Puis, dans son discours du Nouvel An 2019, le président chinois Xi Jinping a redéfini le Consensus de 1992 comme une compréhension que “les deux côtés du détroit de Taïwan appartiennent à une seule Chine, cherchant conjointement à réaliser l’unification inter-détroit”. Même le KMT, favorable à la Chine, ne peut supporter ce changement et a été contraint d’envisager de renoncer à son soutien au concept. La colère et la peur du public parmi l’électorat taïwanais, catalysées par ce que beaucoup considèrent comme la répression des droits politiques des Hongkongais, ont fait de ce changement une exigence pour la survie politique du KMT.
Mais Pékin pourrait reconsidérer les conséquences probables d’isoler davantage Taïwan et d’intimider ses 24 millions de résidents. Cette approche a déjà convaincu des millions d’autres Taïwanais que l’indépendance formelle pourrait être la seule prochaine étape raisonnable pour leur île.
Malgré cela, Tsai n’est pas une rabatteuse. Elle a délibérément choisi ses positions politiques et a pris soin de ne pas surestimer le soutien croissant de Taïwan au sein de l’administration Trump. Elle n’a pas non plus renié l’idée de la République de Chine en faveur d’une identité taïwanaise entièrement séparée, malgré le fait qu’un nombre croissant de Taïwanais considèrent l’idée de la République de Chine elle-même comme une construction étrangère qui leur est imposée par la Chine.
La démarche intelligente pour Pékin serait d’engager Tsai et son gouvernement du Parti démocratique progressiste, deux fois élu, pour apaiser leurs préoccupations légitimes et travailler à un modus vivendi entre les deux parties. Jusqu’à présent, cependant, Pékin s’est montré plus intéressé à resserrer le nœud qu’à le dénouer. L’une des raisons en est qu’après des décennies de propagande auprès de leurs enfants sur l’inévitabilité de la “réunification” et le mal du “séparatisme”, la pression s’accroît aujourd’hui sur les dirigeants actuels de la Chine de la part d’une nouvelle génération de net-citoyens belliqueux et nationalistes pour qu’ils concrétisent leurs fanfaronnades et prennent Taïwan, par la force si nécessaire. La rigidité de la rhétorique chinoise à l’égard de Taïwan, son principal intérêt central, a presque obligé Pékin à adopter des politiques agressives qui continuent de saper ses propres objectifs politiques déclarés.
Pourtant, alors que les dirigeants chinois s’efforcent de resserrer leur emprise et de détruire le gouvernement taïwanais, de plus en plus de résidents de l’île s’identifient comme Taïwanais, rendant ainsi plus probable qu’un jour une “République de Taïwan” remplace la République de Chine.
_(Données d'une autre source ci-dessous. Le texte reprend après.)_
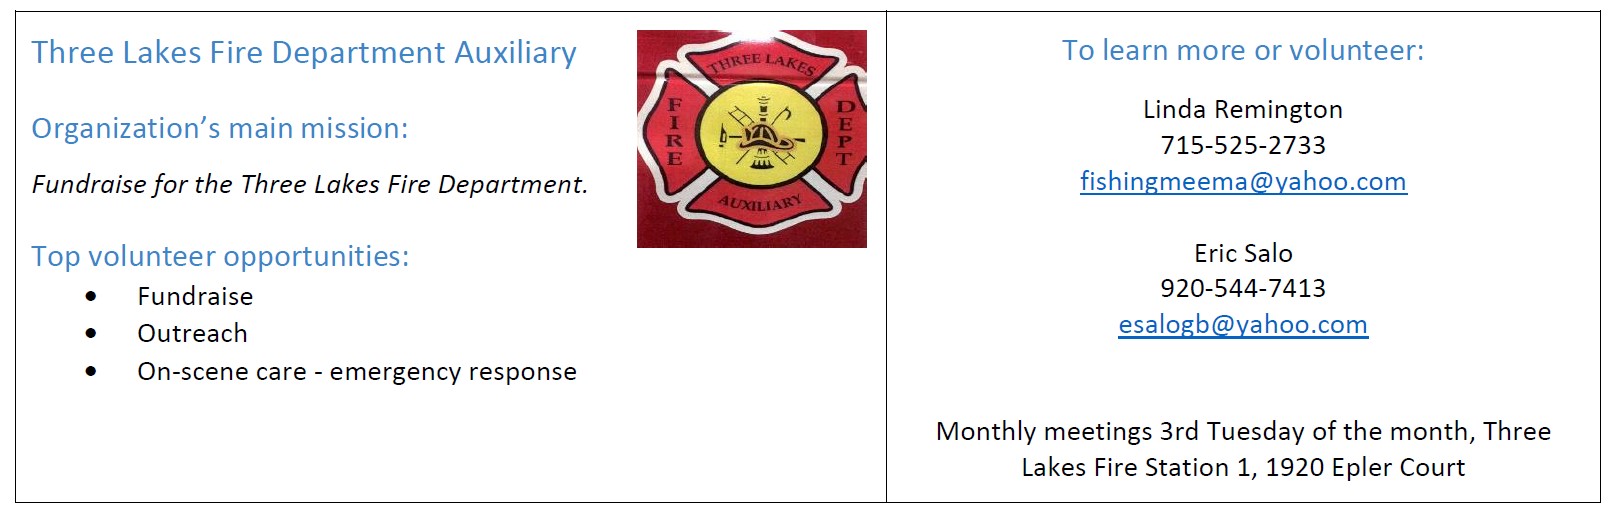 Volunteer opportunities at the Three Lakes Fire Department Auxiliary
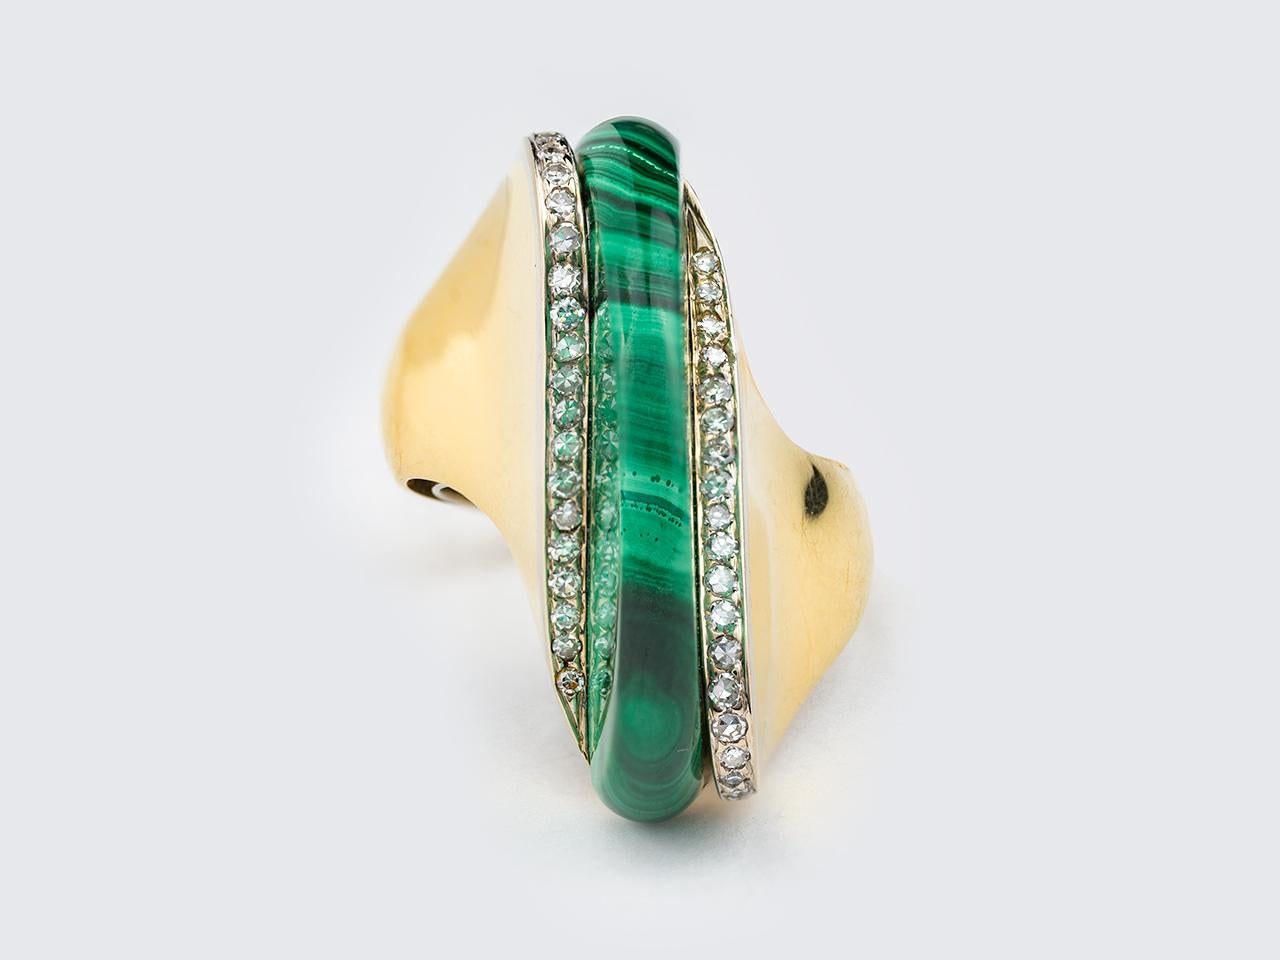 18kt gold Modernist ring, centering a fine cut Malachite stone, with diamond accents. 18kt.

Xi et ses camarades peuvent contribuer à éviter ce jour en adoptant une approche plus souple à l’égard de Taïwan, notamment en accordant à son peuple l’espace et le respect qu’il mérite, et en trouvant un moyen de s’asseoir avec son gouvernement légitimement élu pour discuter de questions d’intérêt commun. Tant qu’ils ne le feront pas, la promesse d’une unification pacifique avec Taïwan continuera de leur glisser entre les doigts.